Amalgamation and merger


In today’s competitive world every company wants to generate more and more income and earn profits in their day-to-day business because they lack in so many aspects like management, nonavailability of raw materials, technology, and appropriate place for doing their business. to tackle this problem and to excel in the corporate world, they in turn indulge in corporate restructuring. Corporate restructuring is a broader concept that includes internal reconstruction and external reconstruction. Internal reconstruction includes the reduction and alteration of share capital and on other hand, and external reconstruction includes amalgamation, absorption, and liquidation. Amalgamation is a part of external reconstruction. Whenever a company gets into the process of amalgamation, there are two ways first is an amalgamation in the nature of purchase and second is an amalgamation in the nature of merger. Sometimes, internal reconstruction is not desirable and companies go for external reconstruction in the form of amalgamation. This is basically done to avail greater benefits of other companies. Basically in amalgamation, one company shares the resources of the other company and another company shares the resources of this company. For example, company A lacks in technology, and company B lacks in management, so both companies will amalgamate to get each other’s benefits.


An amalgamation is a combination of two or more companies into a new entity. It means that when two or more two companies combine and a new entity is formed out of the resources of the both companies is known as amalgamation.


Accounting standard 14 deals with accounting for amalgamation and the treatment of the resulting goodwill or the reserves. It basically applies to  companies who want to amalgamate but some of its requirements are also applicable to financial statements of other companies.   It does not cater to the cases where acquisition takes place. Whenever any company goes for amalgamation it should follow the requirement as provided in AS-14.



In amalgamation in the nature of purchase, one company, the transferee company, purchases the business of the transferor company at a specified rate. In this the assets and liabilities of the transferor company are transferred to the transferee company on any condition. There are specified conditions which should be fulfilled if there is amalgamation in the nature of merger, but this not in the case of purchase method.


In amalgamation in the nature of merger one company merges into another company.

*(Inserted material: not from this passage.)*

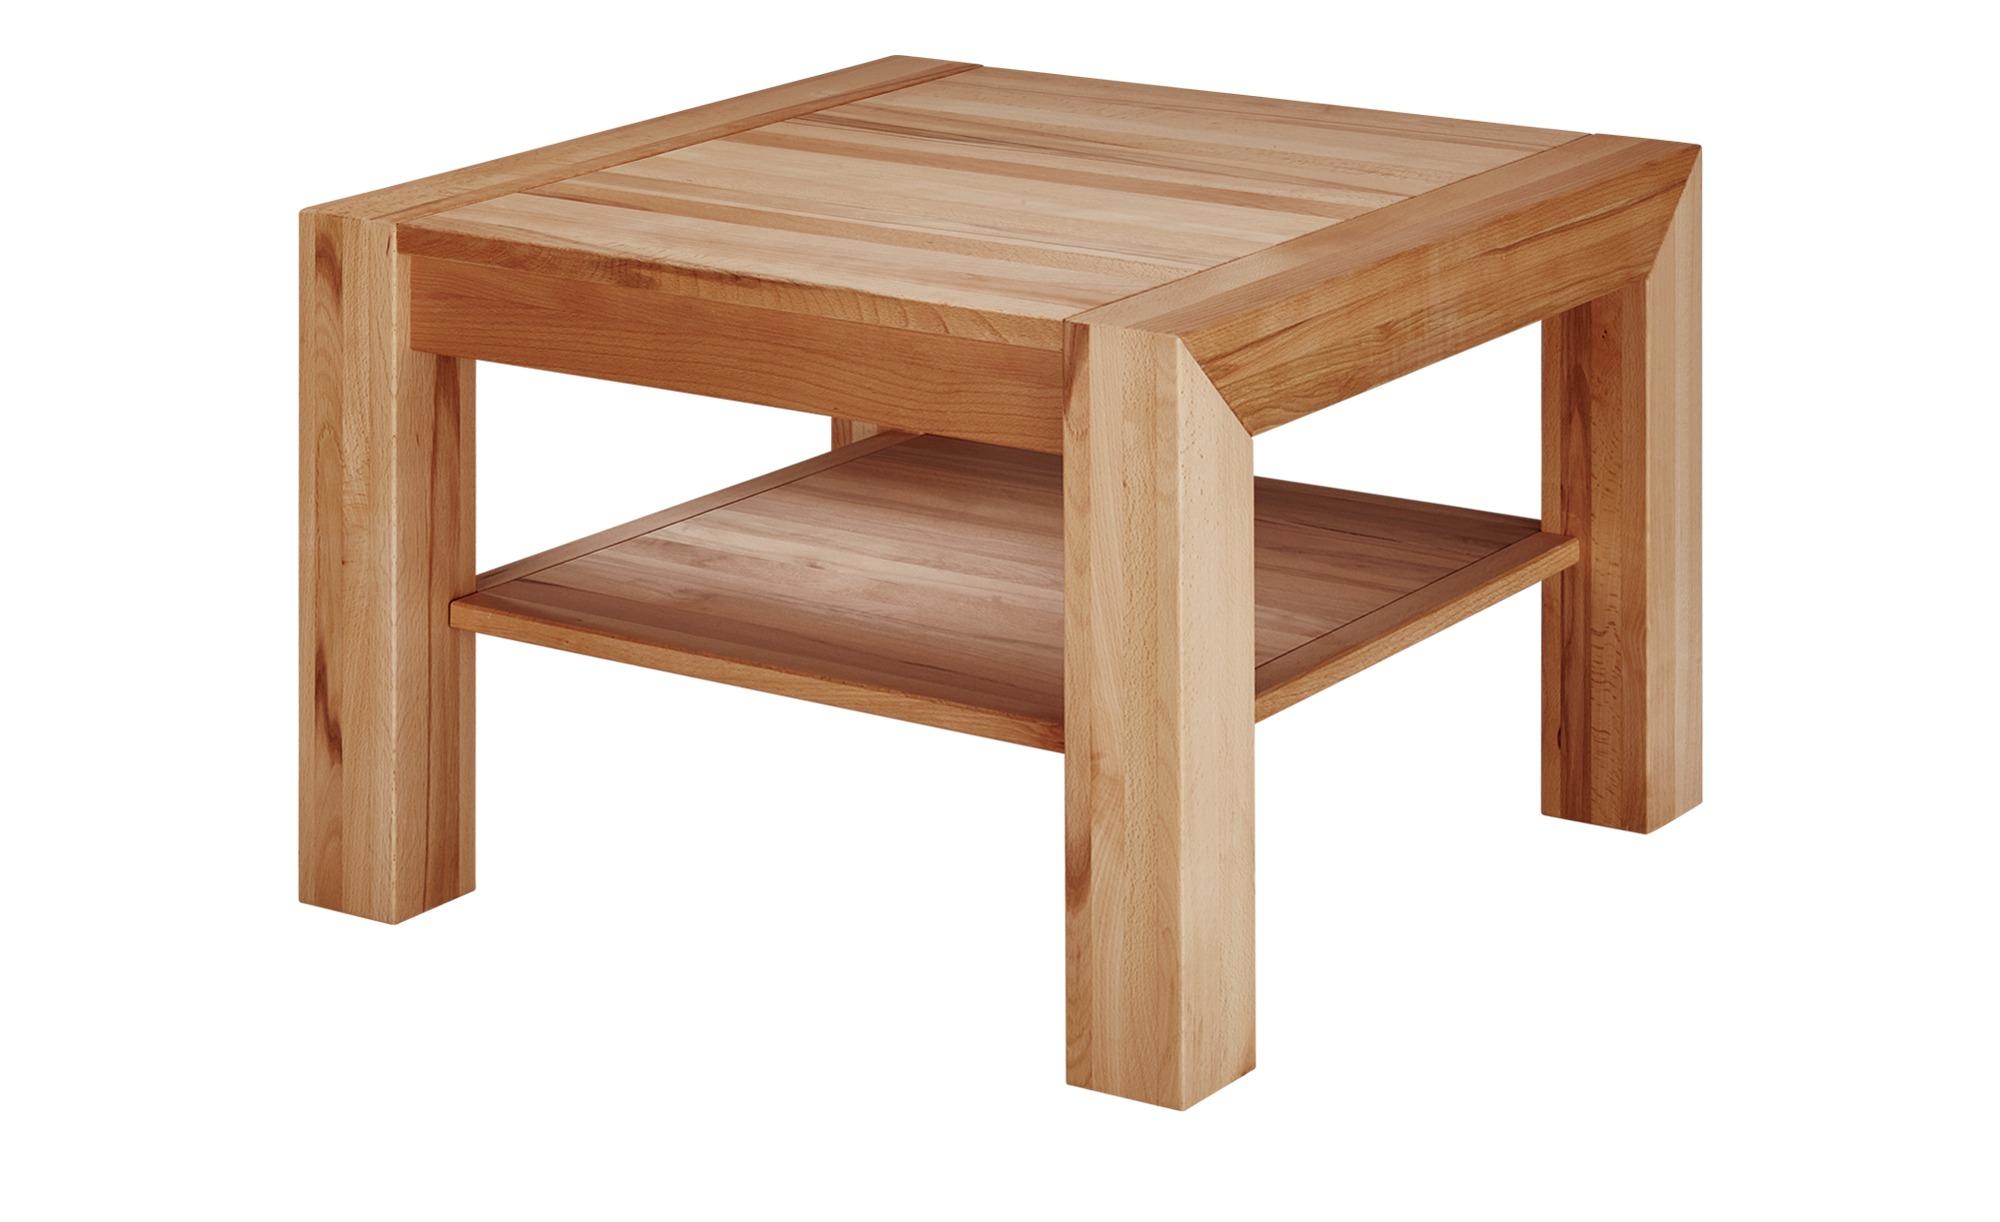 Couchtisch  Cura ¦ holzfarben ¦ Maße (cm): B: 65 H: 46 Tische > Couchtische > Couchtisch Massivholz - Höffner

If this particular method is to be followed, there are certain conditions which should be followed. These conditions are as follows-

·         All the assets and liabilities of the transferor company should become the assets of the transferee company, after  amalgamation.

·         Shareholders holding not less than 90% of the face value of the transferor company (other than equity shares already held before amalgamation)become equity shareholders of the transferee company by virtue of amalgamation.

·         The consideration for amalgamation receivable by those equity shareholders of the transferor company is discharged by the transferee company wholly by issue of equity share in the transferee company.

·         The business of both the transferee and transferor company should be the same.

·         The assets and liabilities that are transferring in the transferee company should be recorded at book value.


According to AS-14, purchase consideration is the aggregate of the shares and other securities issued and the payment made in the form of cash or other assets by the transferee company. Hence, the direct payment to the creditors of the transferor company is not included in the purchase consideration. The amount of purchase consideration depends on the value of its components.



Pooling of interest method of accounting is one in which the assets, liabilities and reserves are combined and shown at their historical value, as of the date of amalgamation. All the assets and liabilities of the companies undergoing merger are aggregated. The identity of the transferor company’s reserves is kept intact.


Purchase method is an accounting method, wherein the assets and liabilities of the transferor are shown at their market value in the books of the transferee company. In this only those assets and liabilities are recorded which are taken over by it. Surplus of deficit of purchase consideration over the net assets acquired, should be credited or debited ,as capital reserves or goodwill.